Finaghy (
 or ; ) is an electoral ward in the Balmoral district of Belfast City Council, Northern Ireland. It is based on the townland of Ballyfinaghy (). There has been a small community living in the area since the 17th century, and it has been involved in the production of linen, which was key to the Lagan Valley area at the time.

History
In the 1930s, the community gradually started to grow; the local Presbyterian church was founded in 1936. In the 1950s, the city of Belfast grew outwards. Housing estates were built in Finaghy, including Benmore, Locksley and Erinvale, which caused the population to at least double. Finaghy now refers to the area along the Lisburn Road from the King's Hall to the start of Black's Road and between the Malone Road and the M1 Motorway bridge at Finaghy Road North.

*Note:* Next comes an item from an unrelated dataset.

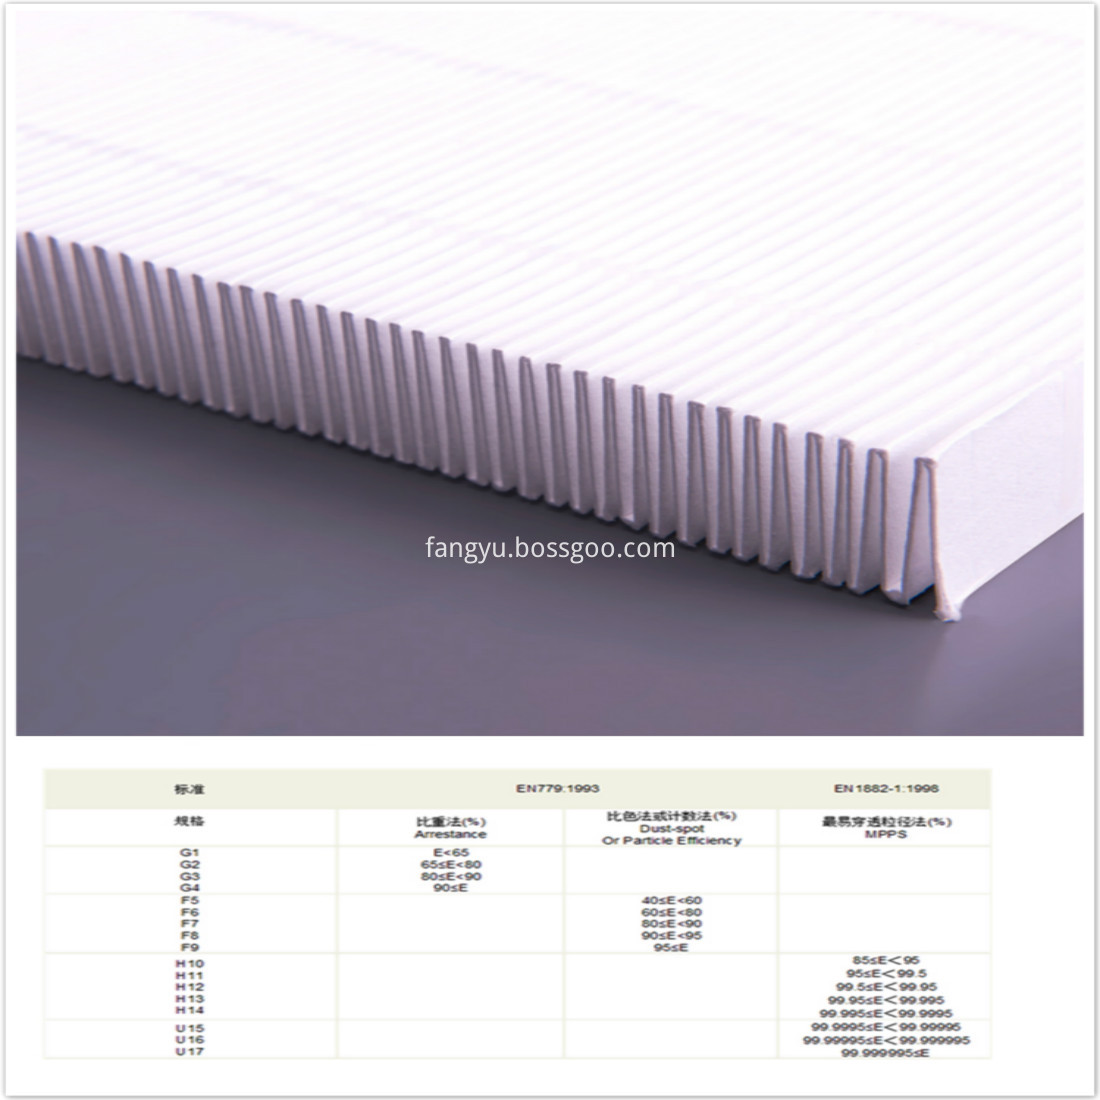 Fiberglass air filter paper index data

The heart of the area is Finaghy crossroads, where the Lisburn Road intersects with Finaghy Road North and Finaghy Road South.

Architectures
Finaghy is home to the first purpose-built National Health Service clinic in the United Kingdom. Unusually, Finaghy has no pubs or betting shops: it was stipulated in land deeds that there were to be no public houses on the land belonging to Ballyfinaghy House, the past residence of Ralph Charley, a wealthy Belfast merchant who made a fortune from the linen industry. Behind the crossroads is the new Finaghy Campus, which houses a freshly built public library, the non-denominational Finaghy Primary School and community playing fields.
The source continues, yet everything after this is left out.